Einen Tag später erreichte die Sperrverfügung der Staatsanwaltschaft die Empfängerbank, welche einen Restbetrag von 50 000 CHF sicherstellen konnte. Die Empfängerbank war der Ansicht, rechtzeitig und angemessen auf die Vorfälle reagiert zu haben. Der Vollständigkeit halber teilte sie dem Geschädigten mit, dass die Bestimmungen des Geldwäschereigesetzes und der dazugehörigen Verordnungen keine Schutznormen für eine ausservertragliche Haftung nach Art. 41 des Schweizerischen Obligationenrechts darstellen würden.
Die Empfängerbank war auch nach der Intervention des Ombudsman zu keinerlei Entgegenkommen gegenüber dem Geschädigten bereit und wiederholte lediglich ihren bereits dem Anwalt des Kunden gegenüber direkt eingenommenen Standpunkt. Der Ombudsman musste deshalb das Dossier mit einem abschliessenden Bescheid ohne Ergebnis schliessen.
Im abschliessenden Bescheid äusserte er sich einleitend zur möglichen Haftungsgrundlage in einem solchen Fall.
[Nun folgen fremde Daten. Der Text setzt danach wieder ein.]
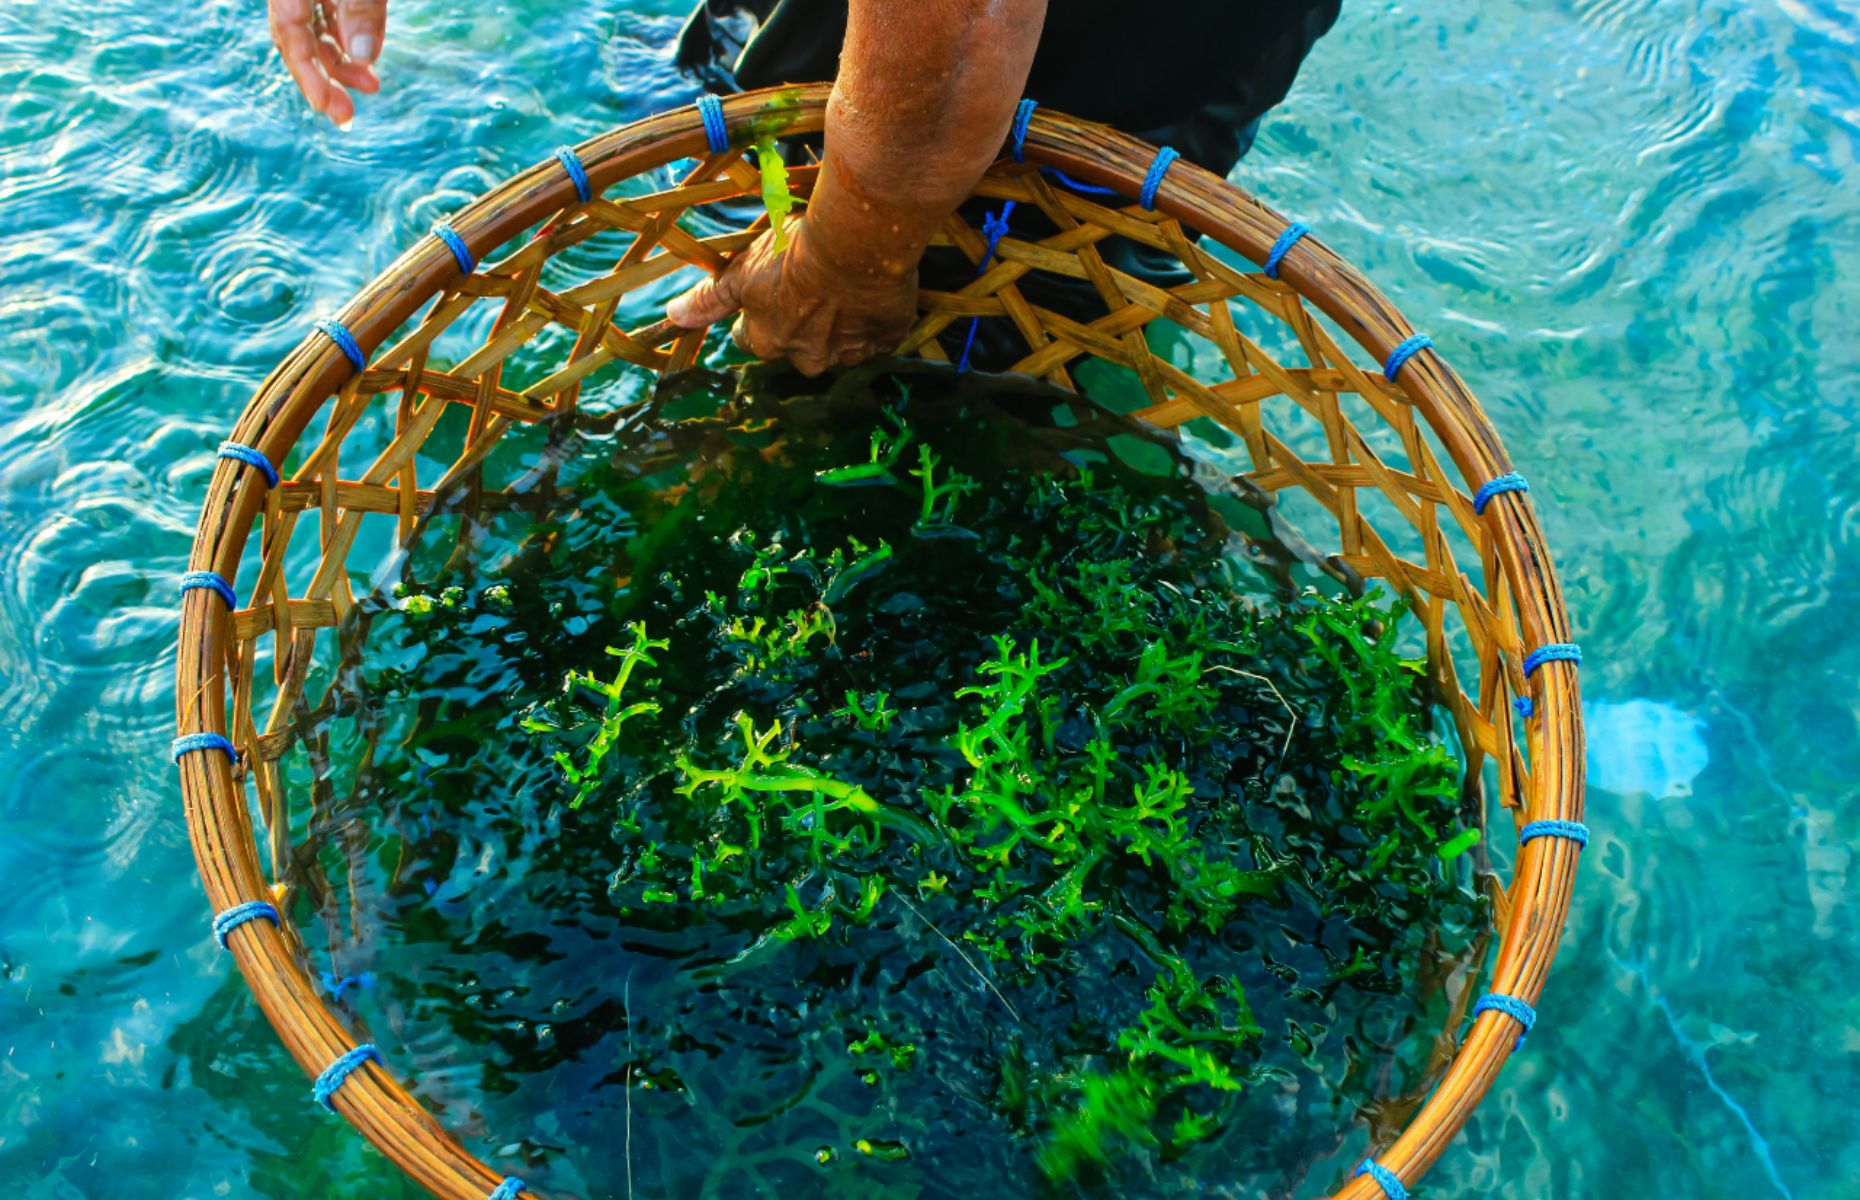 Seaweed farming (Image: Dimasranggah/Shutterstock)

Da der Geschädigte in keiner vertraglichen Beziehung zur Empfängerbank stand, kam lediglich eine ausservertragliche Haftung nach Art. 41 des Schweizerischen Obligationenrechts in Frage. Bei einem reinen Vermögensschaden braucht es dazu unter anderem die Verletzung einer sogenannten Schutznorm, welche den Zweck hat, einen solchen Vermögensschaden zu verhindern. Entgegen der Ansicht der Empfängerbank ist es gemäss dem Verständnis des Ombudsman anerkannt, dass die Geldwäschereibestimmungen eine solche Schutznorm darstellen können. Dies jedoch nur dann, wenn sie vorsätzlich oder eventualvorsätzlich verletzt werden, d. h. wenn ihre Verletzung gewollt oder mehr als nur fahrlässig billigend in Kauf genommen wird. Eine fahrlässige Verletzung genügt nicht. Entgegen der Ansicht der Empfängerbank ist es gemäss dem Verständnis des Ombudsman anerkannt, dass Art. 305bis der Geldwäschereibestimmungen im Schweizerischen Strafgesetzbuch eine solche Schutznorm darstellen kann.
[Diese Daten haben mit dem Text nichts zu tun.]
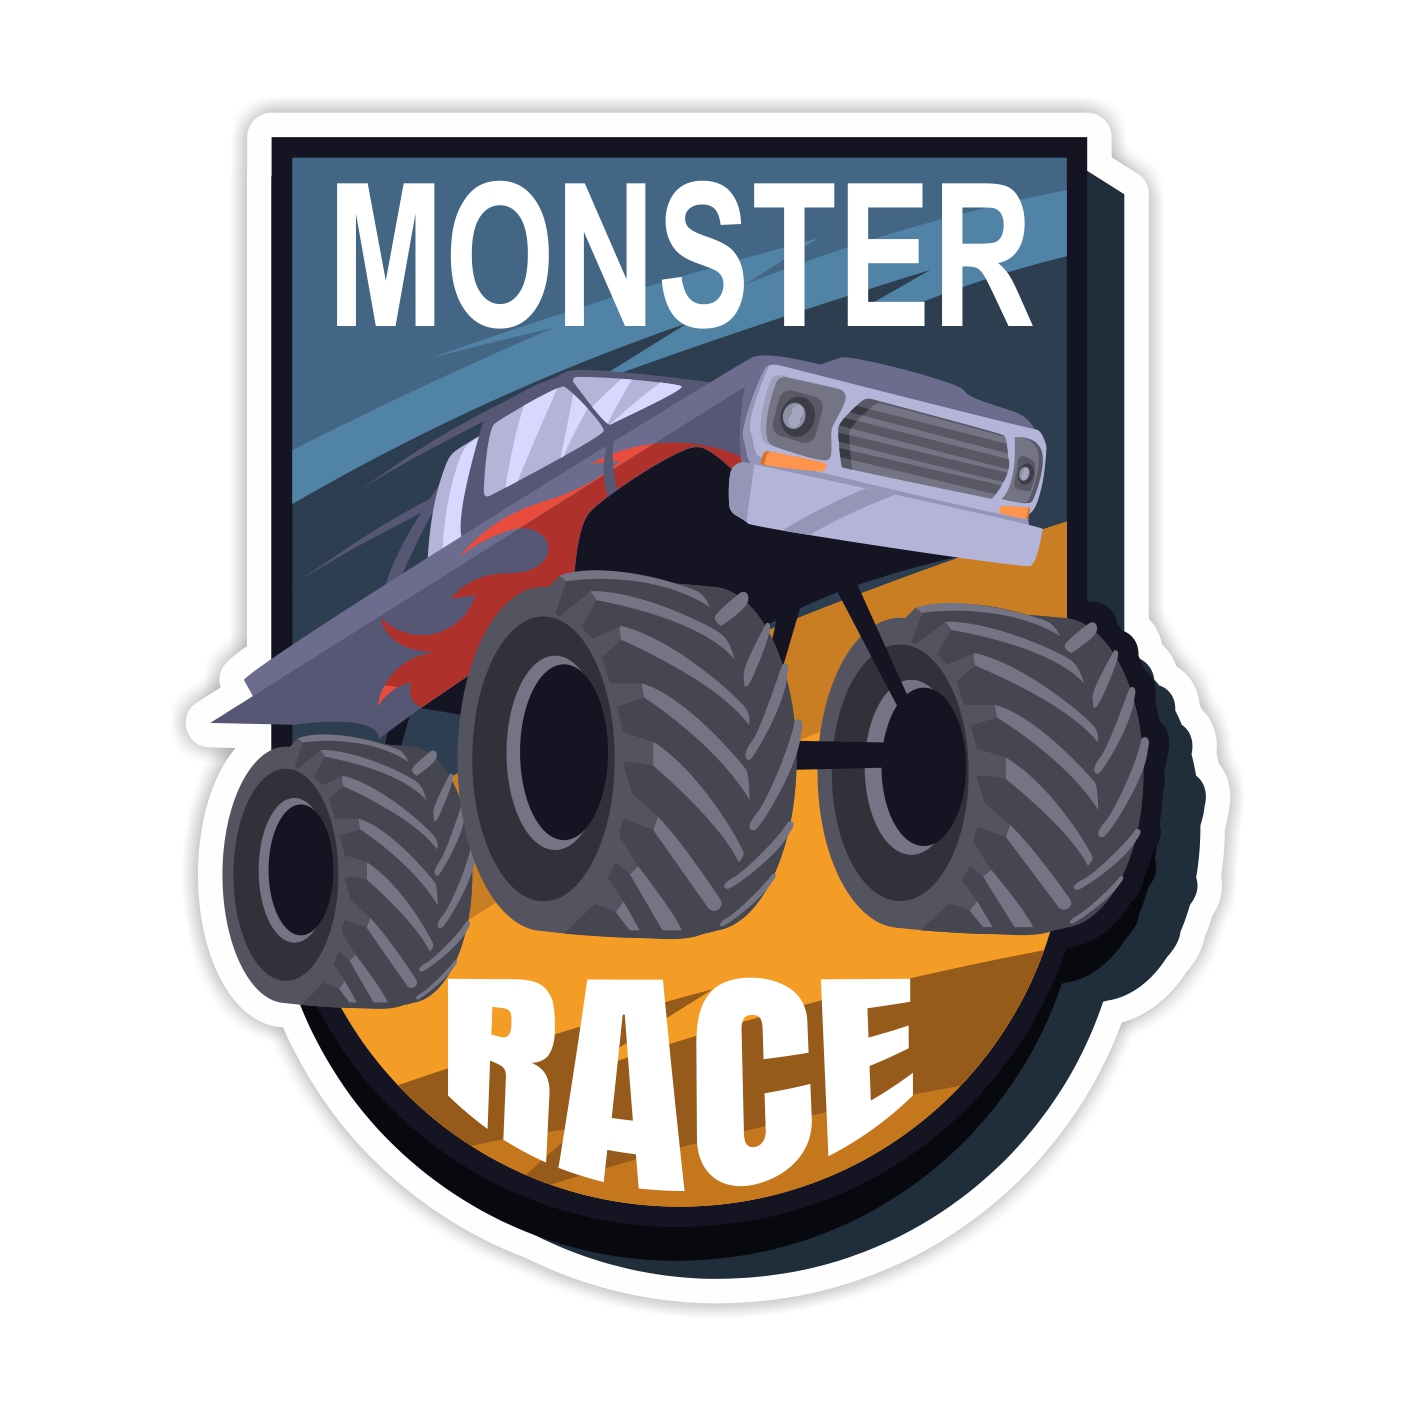 استیکر خودرو طرح Monster Race مدل BSB-00114

Die relevante Frage in diesem Fall war somit, ob das Zulassen der Barauszahlungen durch die Bank und ihre Mitarbeiter als eine Vereitelungshandlung im Sinne der Geldwäschereinorm von Art. 305bis des Schweizerischen Strafgesetzbuchs zu qualifizieren war, und wenn ja, ob diese Handlungen vorsätzlich oder zumindest eventualvorsätzlich begangen worden waren.
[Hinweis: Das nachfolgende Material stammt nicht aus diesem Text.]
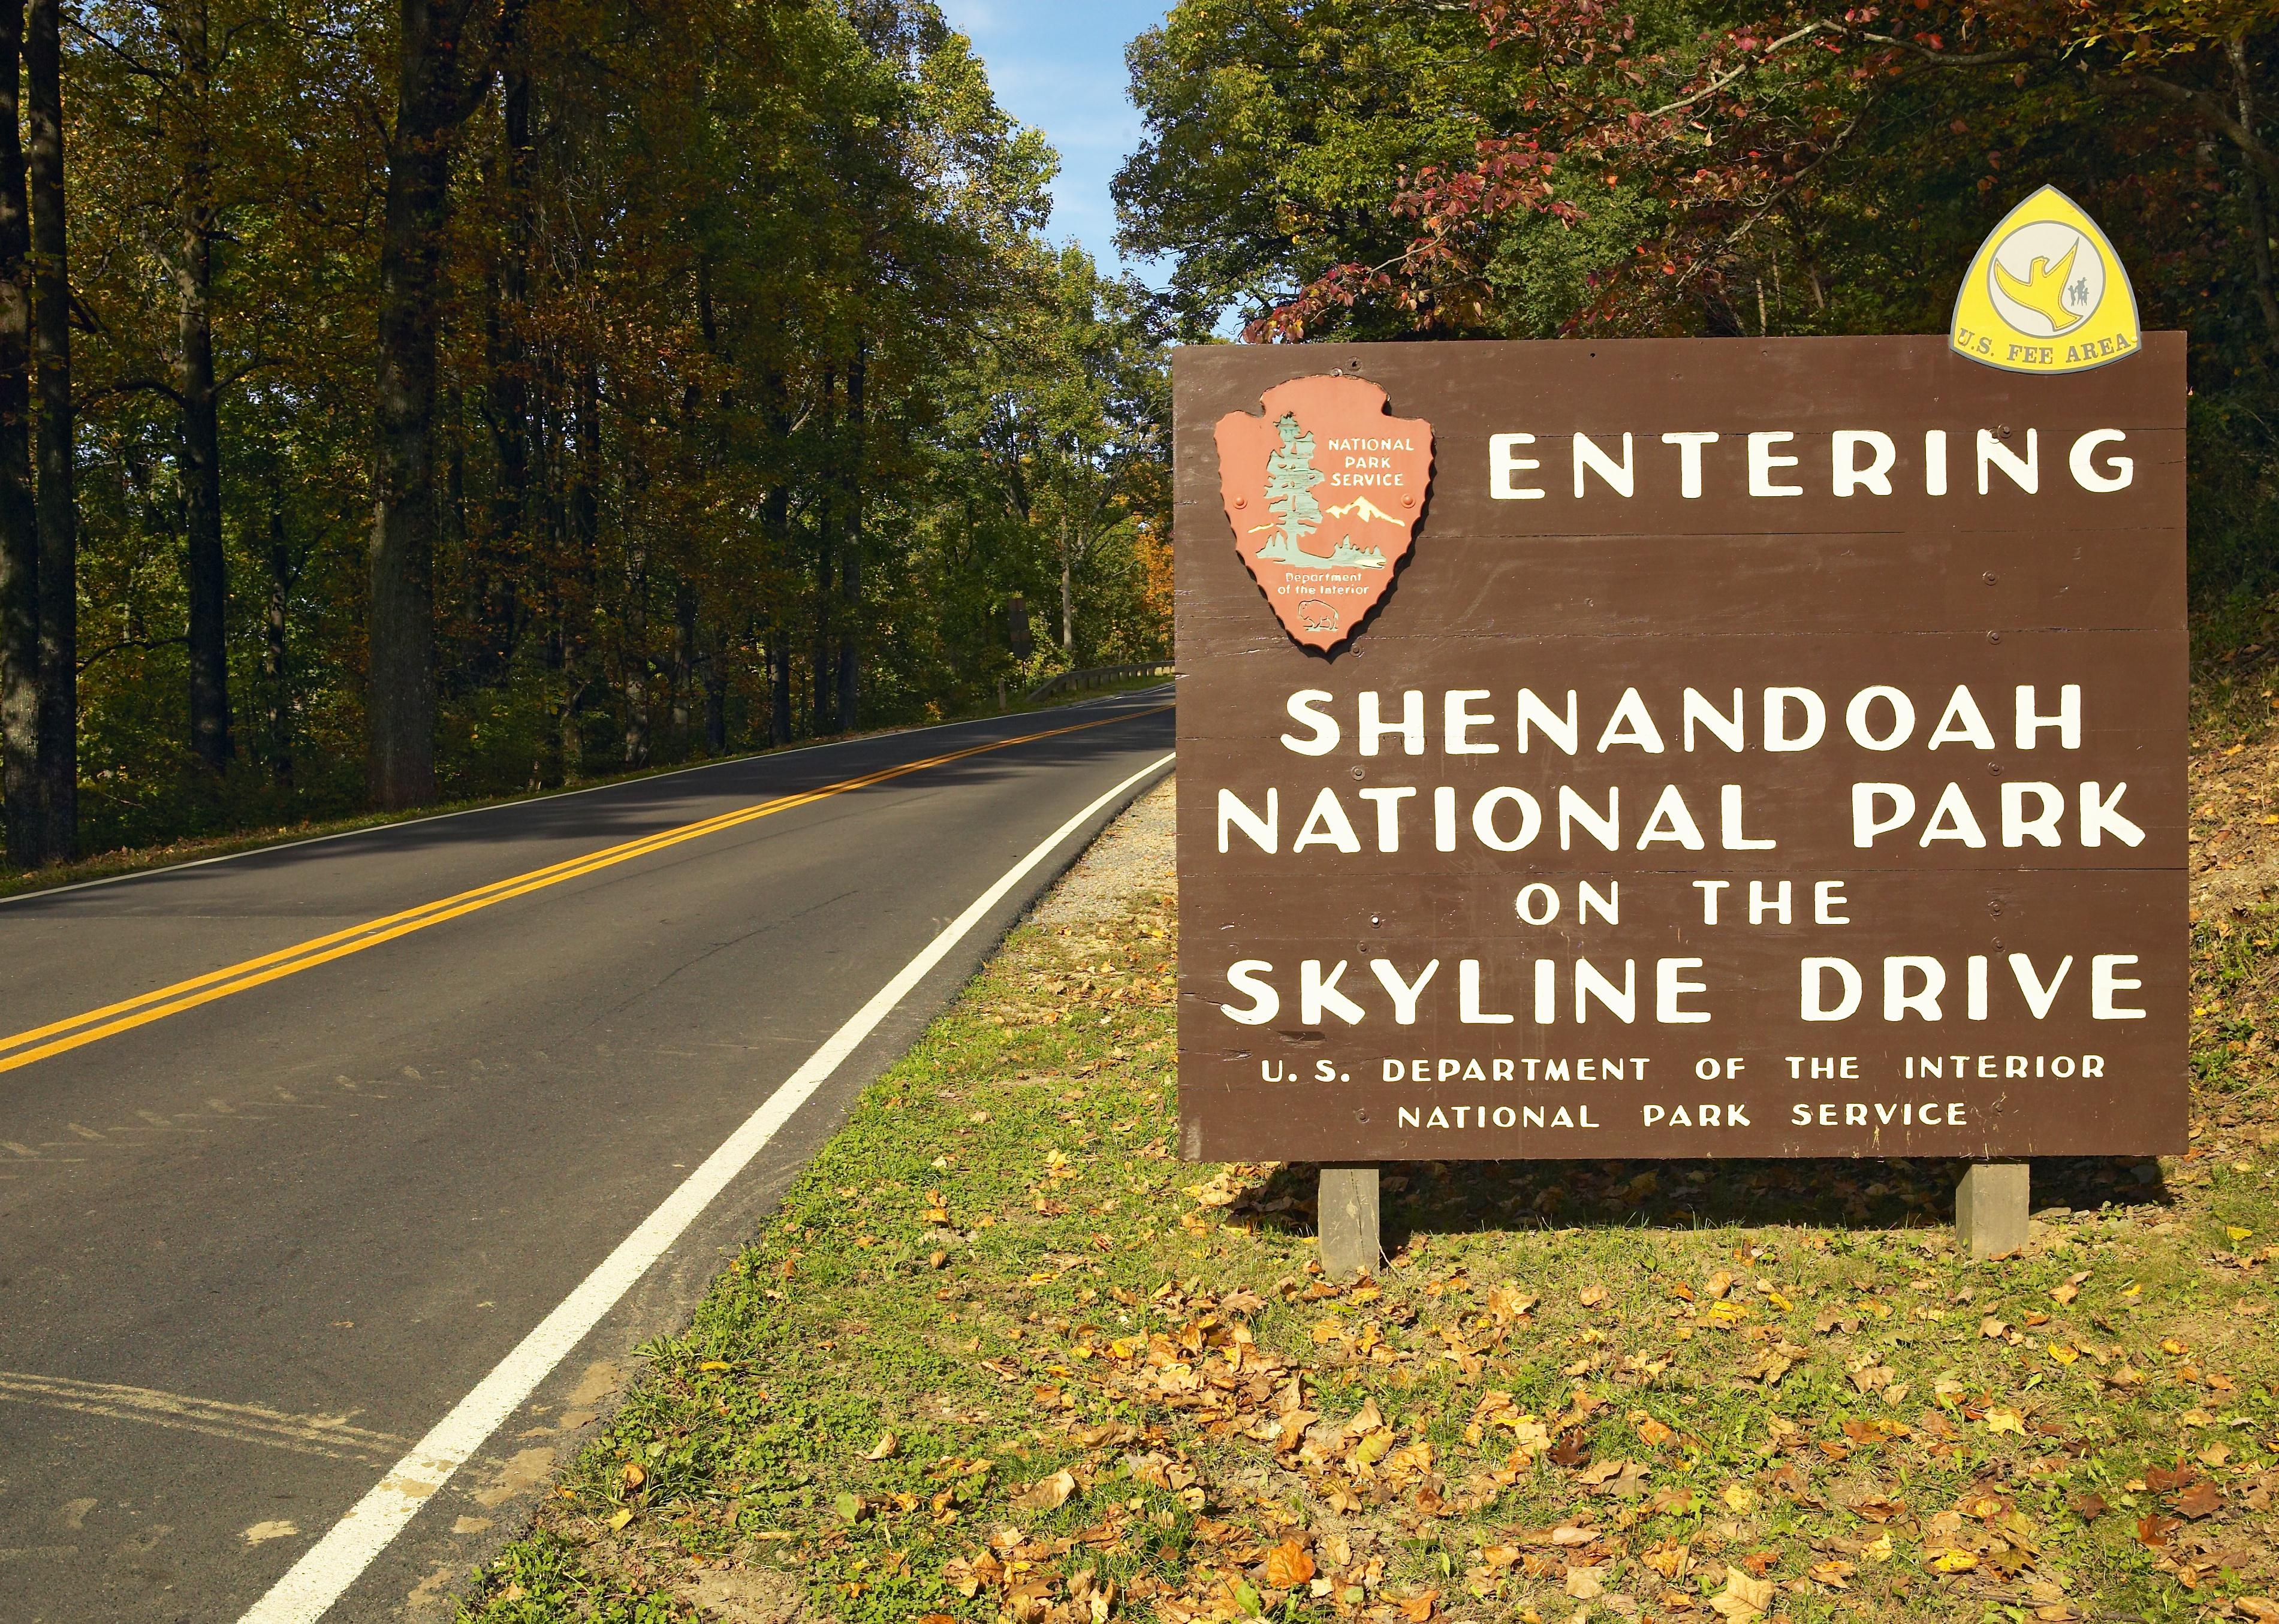 Sign for entering Shenandoah National Park in Virginia.

Es war für den Ombudsman angesichts der zur Diskussion stehenden Überweisungen und Barabhebungen verständlich, dass der geschädigte Kunde die Meinung vertrat, die Bank habe ihre Pflichten bei der Abklärung dieser ungewöhnlichen Transaktionen verletzt, habe dadurch die Einziehung der Gelder verunmöglicht und sei für den ihm entstandenen Schaden haftbar. Es drängte sich bei einer Betrachtung der Transaktionsliste, insbesondere der Barabhebungen, tatsächlich die Frage auf, ob die Bank rechtzeitig reagiert hatte. Ob das Vorgehen der Bank aber noch im üblichen und zulässigen Bereich lag, oder ob bereits eine Verletzung aufsichtsrechtlicher Pflichten oder ein strafrechtlich relevantes Verhalten vorlag, war eine Frage, welche mit den Mitteln des Ombudsverfahrens nicht geklärt werden konnte. Dies galt schliesslich insbesondere auch für die besonders heikle Frage, ob vorliegend ein Vorsatz oder Eventualvorsatz gegeben war.